Problem to work on:
A full, exact copy of the listing is needed, with images omitted.

(Provided data begins)

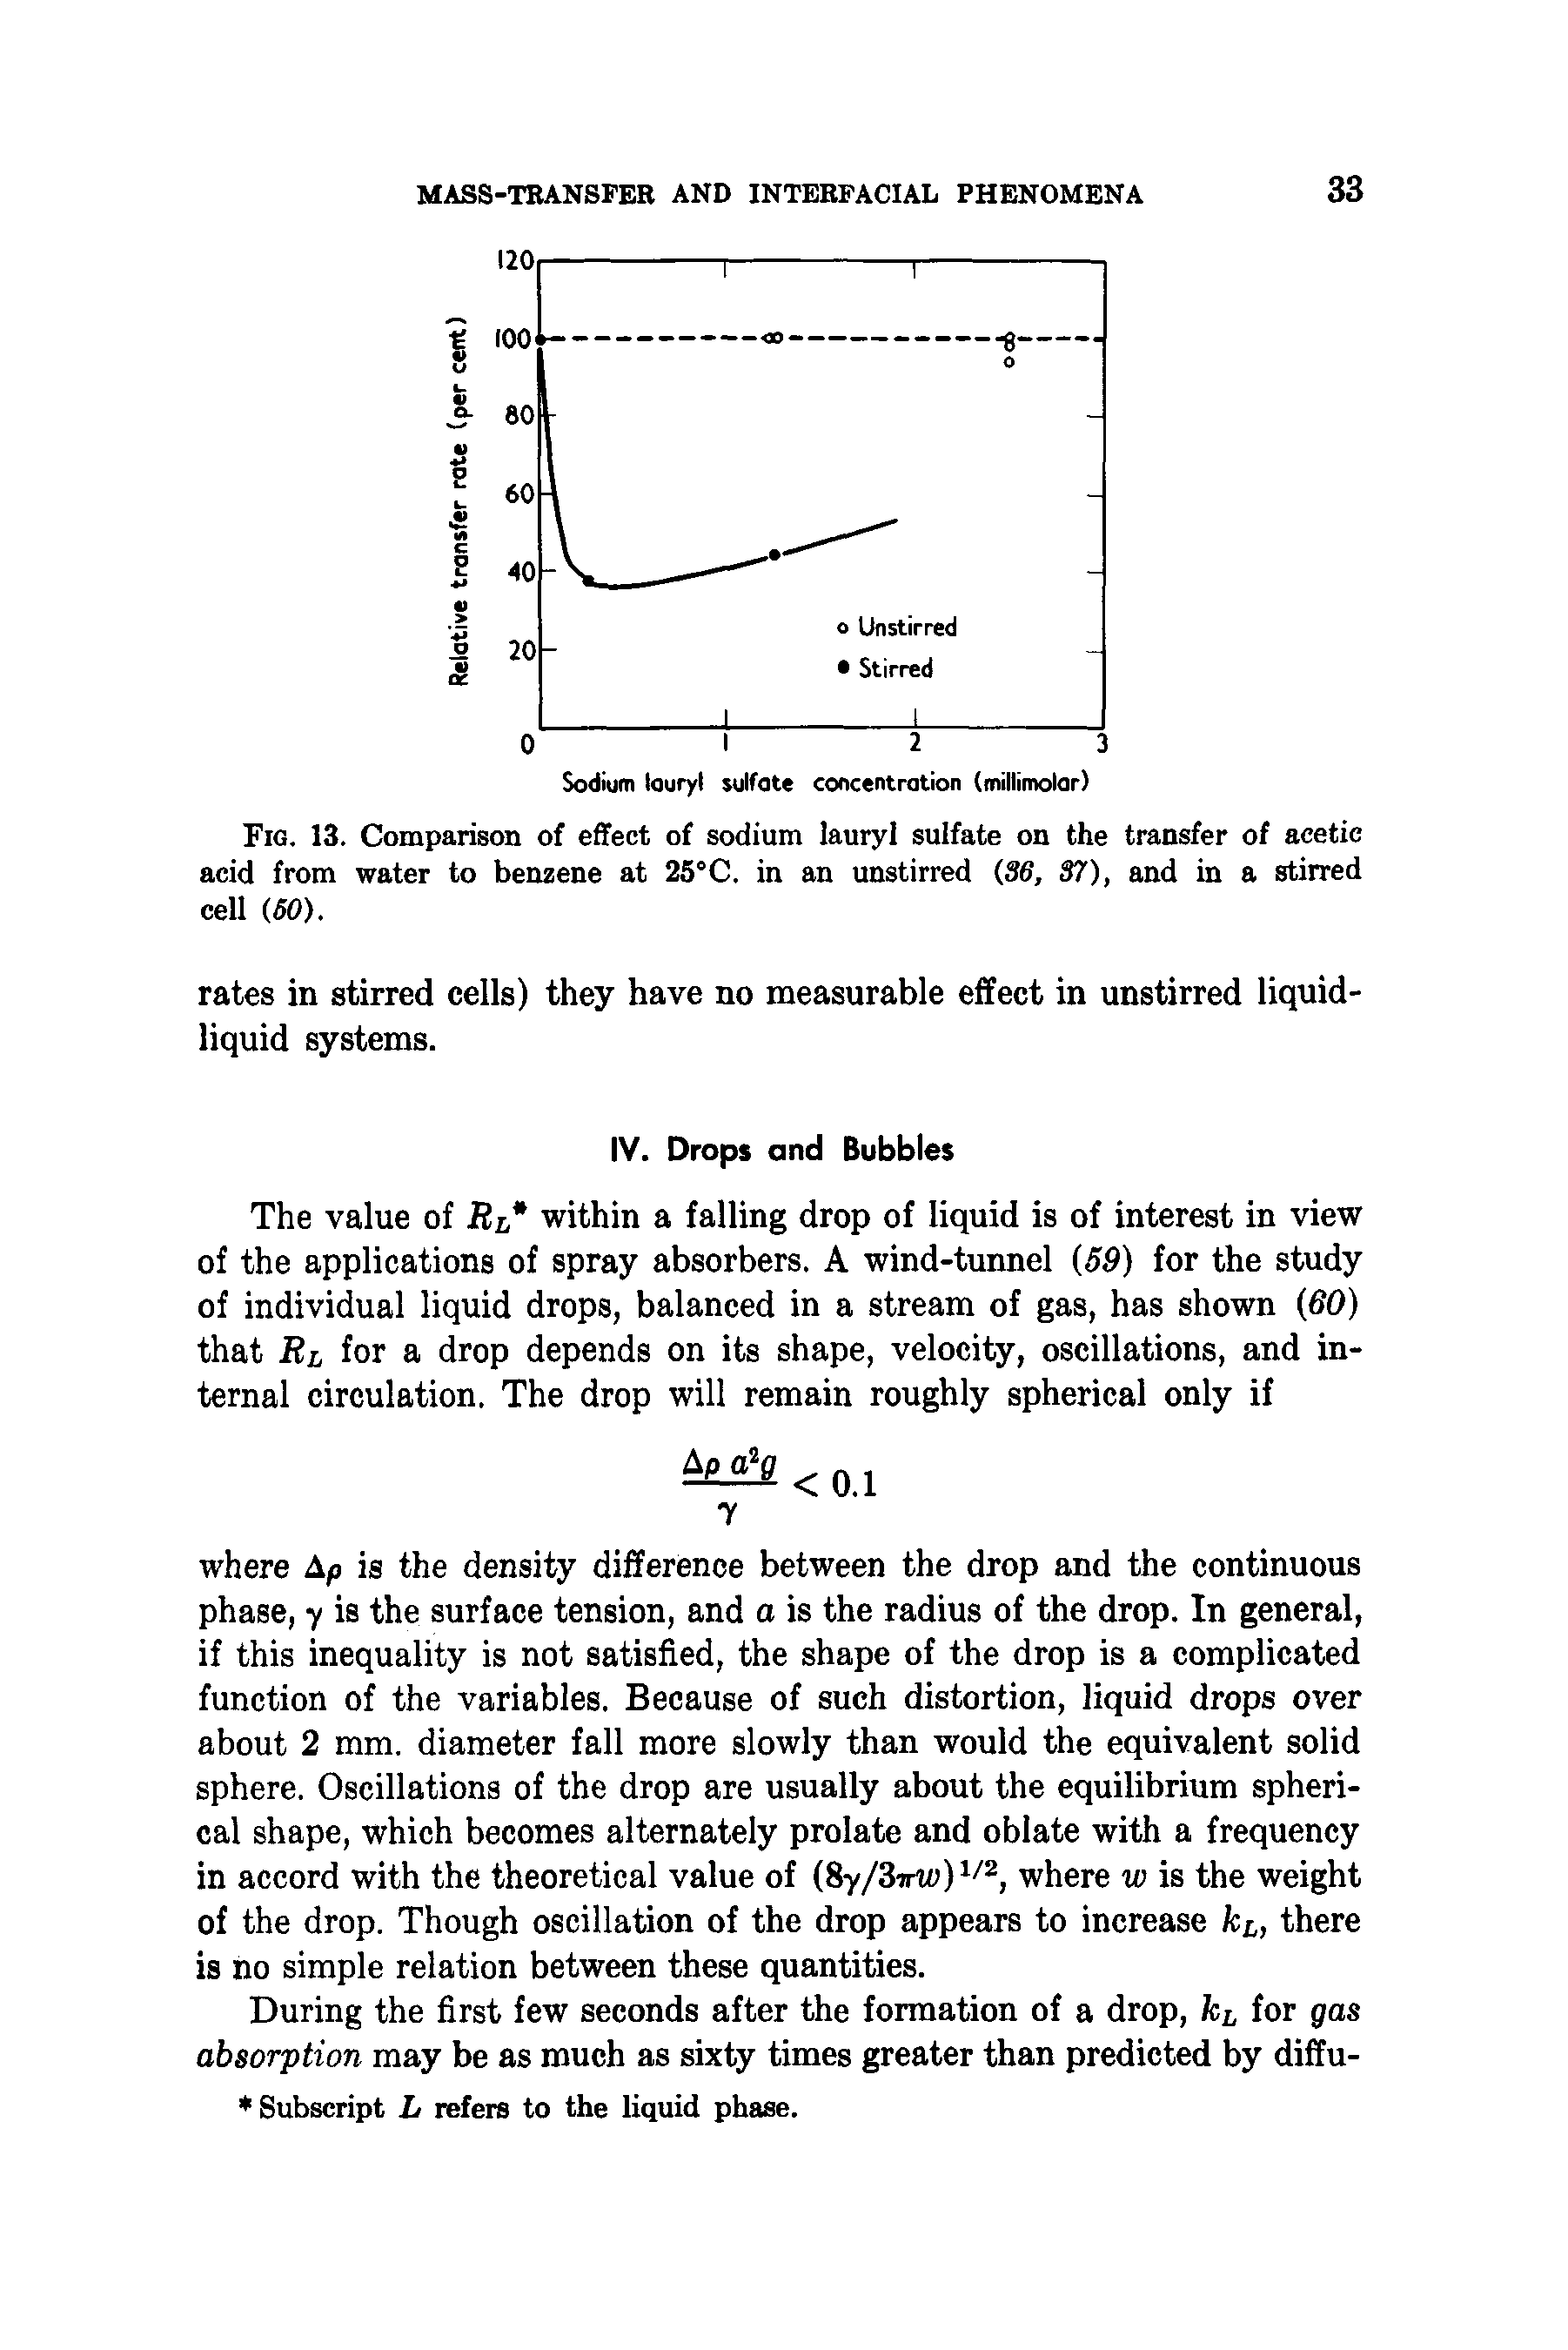 Fig. 13. Comparison of effect of sodium lauryl sulfate on the transfer of acetic acid from water to benzene at 25°C. in an unstirred (36, 37), and in a stirred cell (60).
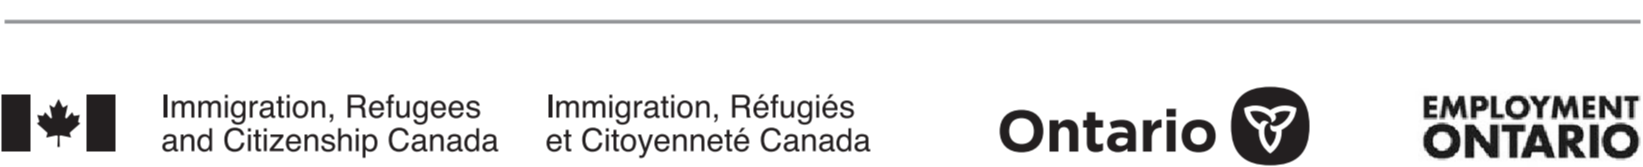 Adult Education is funded by Immigration, Refugees and Citizenship Canada, Government of Ontario and Employment Ontario.
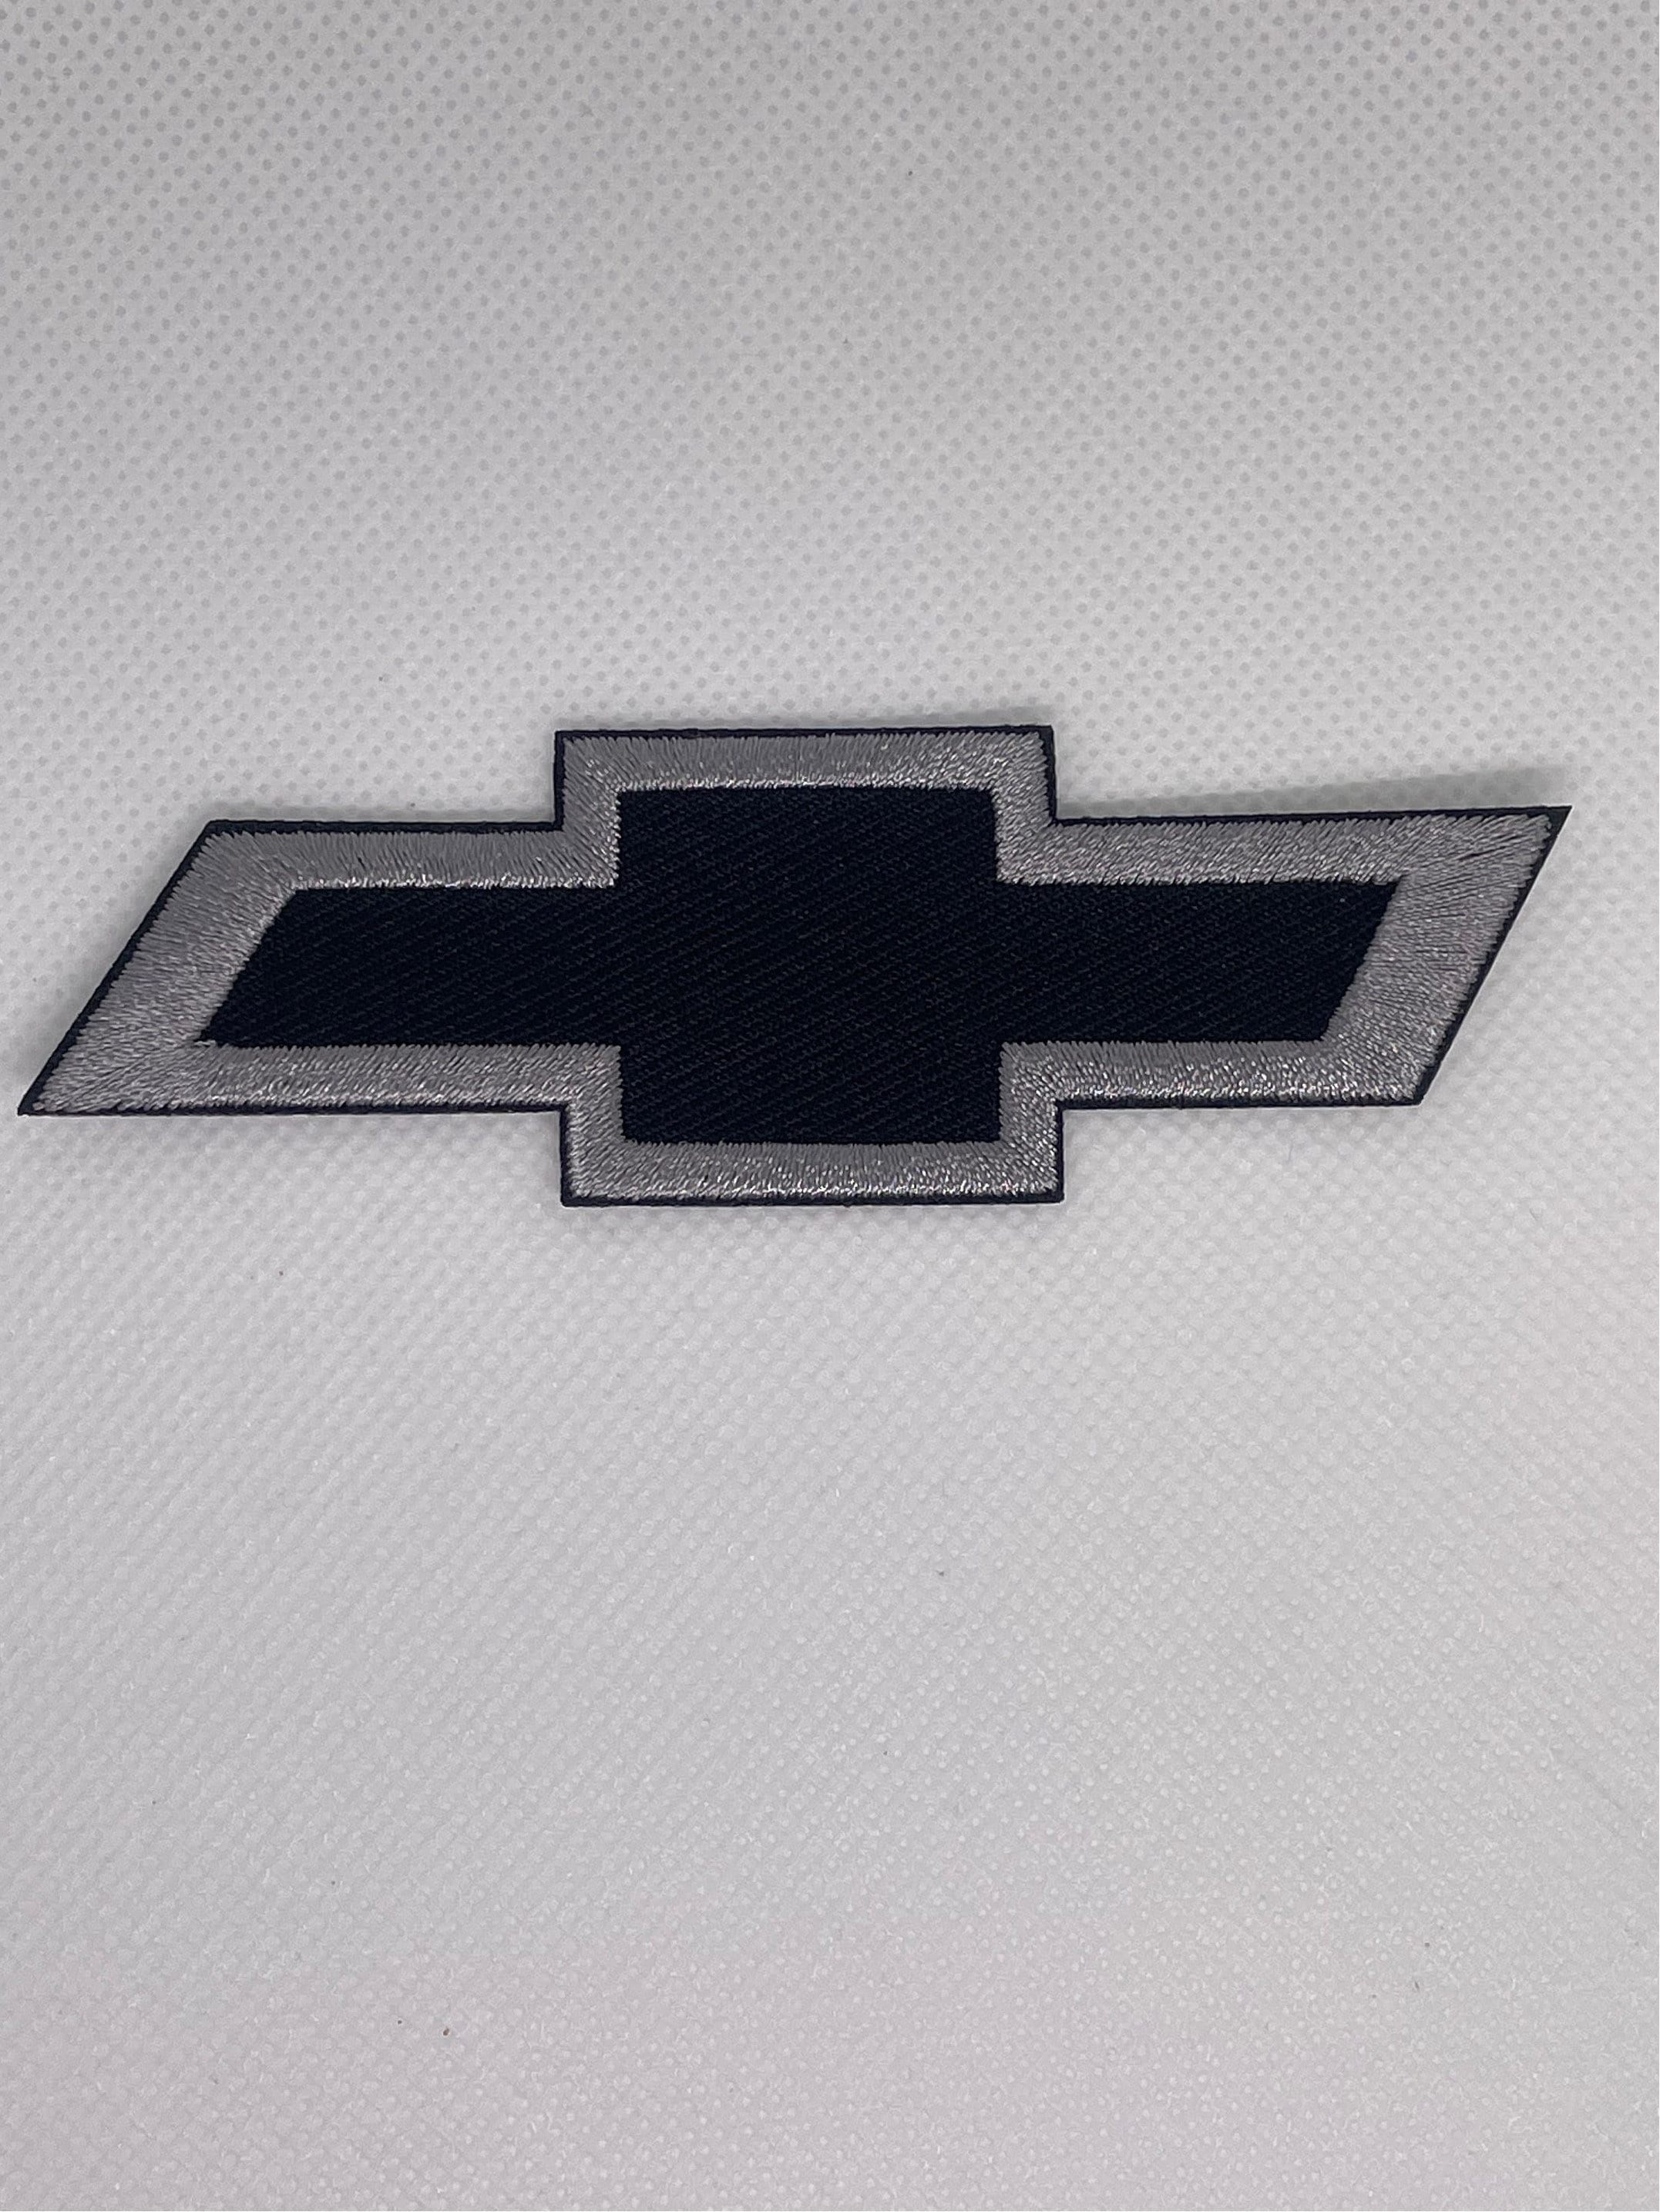 (3) Sports Logo/ Emblem Embroidered Iron On Patches! swoosh White 2x .75”  Nice
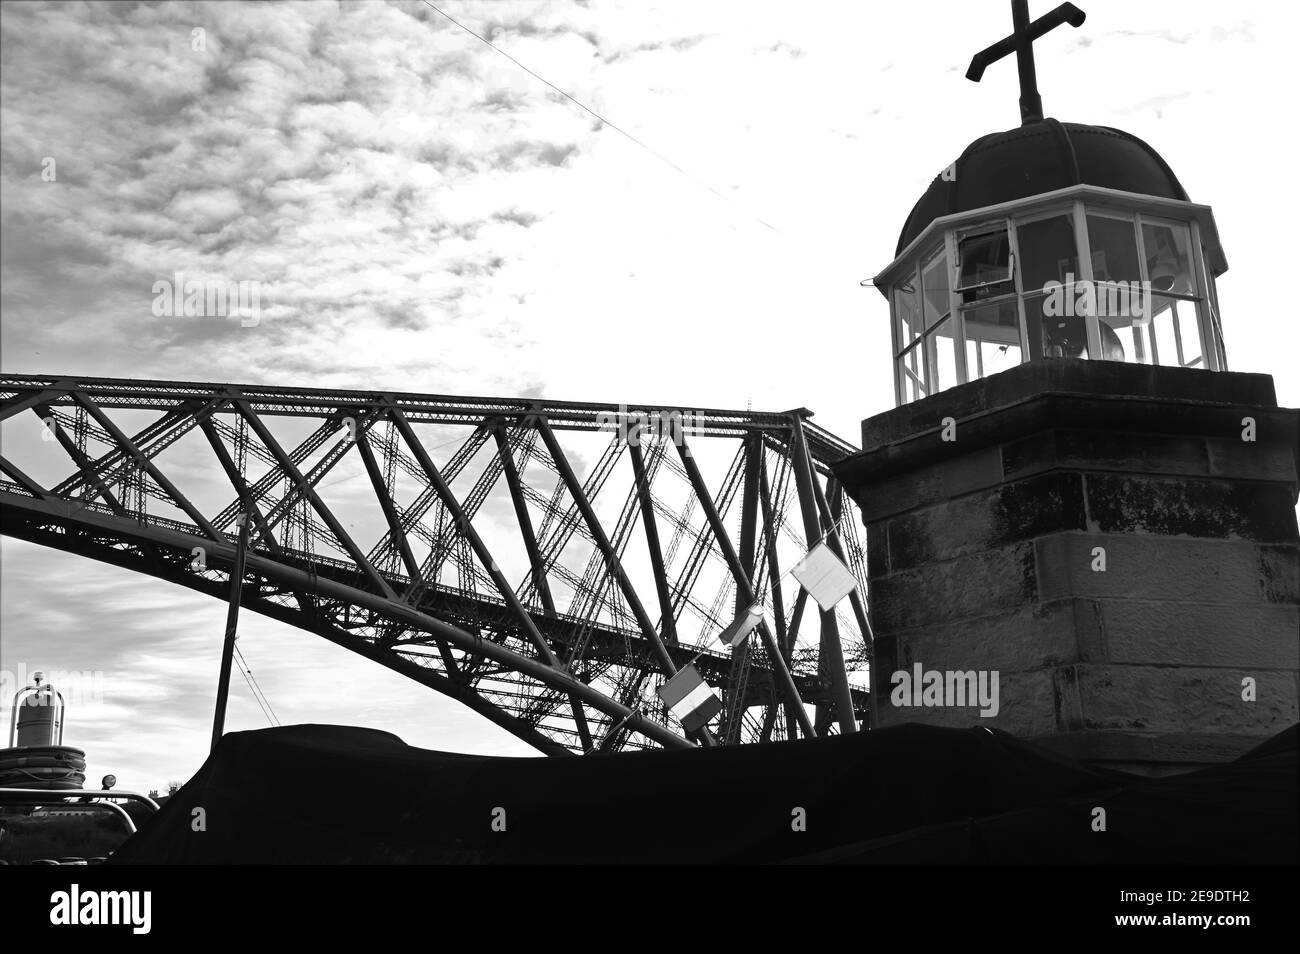 A view of the historic and iconic Forth rail bridge which spans the Forth Estuary in Scotland. Stock Photo

(Provided data ends)

Solution to the exercise:
 Fig. 13. Comparison of effect of sodium lauryl sulfate on the transfer of acetic acid from water to benzene at 25°C. in an unstirred (36, 37), and in a stirred cell (60).
 Adult Education is funded by Immigration, Refugees and Citizenship Canada, Government of Ontario and Employment Ontario.
 (3) Sports Logo/ Emblem Embroidered Iron On Patches! swoosh White 2x .75”  Nice
 A view of the historic and iconic Forth rail bridge which spans the Forth Estuary in Scotland. Stock Photo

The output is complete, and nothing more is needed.